Post by newbie2php »

Hi all,

1) How do you determine whether an INSERT or UPDATE was successful? I had a look and thought it was done via mysql_num_rows but this doesn't seem to be working for me

e.g

Code: Select all

$ourquery = "INSERT INTO tableone (username, city) VALUES ('$username','$city')";
$excute = mysql_query($ourquery);
if (mysql_num_rows($excute ) > 0)
{
echo "success";
}
else
{
echo "could not enter details";
{
Basic example. But I need to be able to relay back to the user if it was successful or not.

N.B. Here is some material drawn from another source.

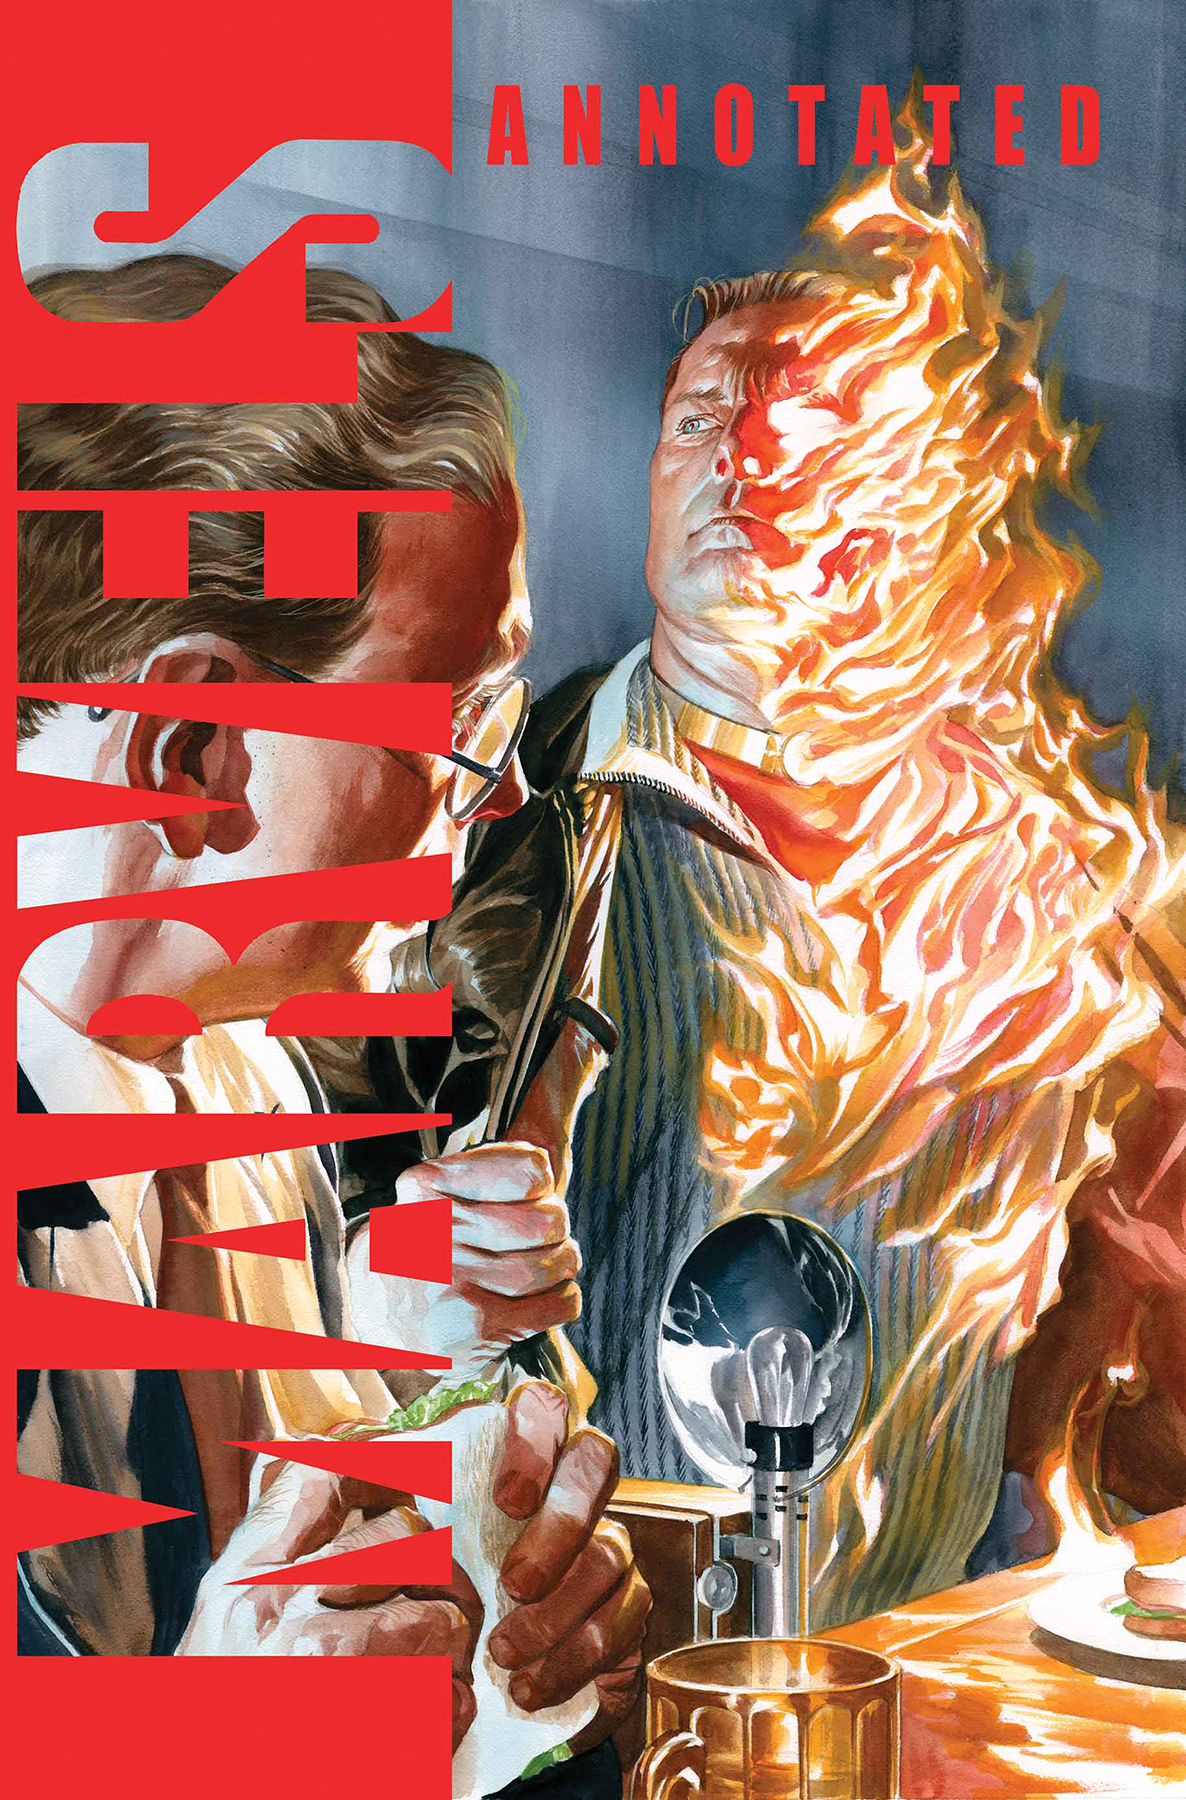 Marvels Annotated no. 1 (1 of 4) (2019 Series)

2) Inserting a date of birth into a date formatted MYSQL column (yyyy-mm-dd)?

I have drop down menus to choose date of birth, and then have a function that changes these 'pretty' months ('jan 'etc..) into plain numbers, e.g output would be.... 19970222 for 22 feb 1997

But it doesn't seem to update properly. Date functions aren't my thing at all!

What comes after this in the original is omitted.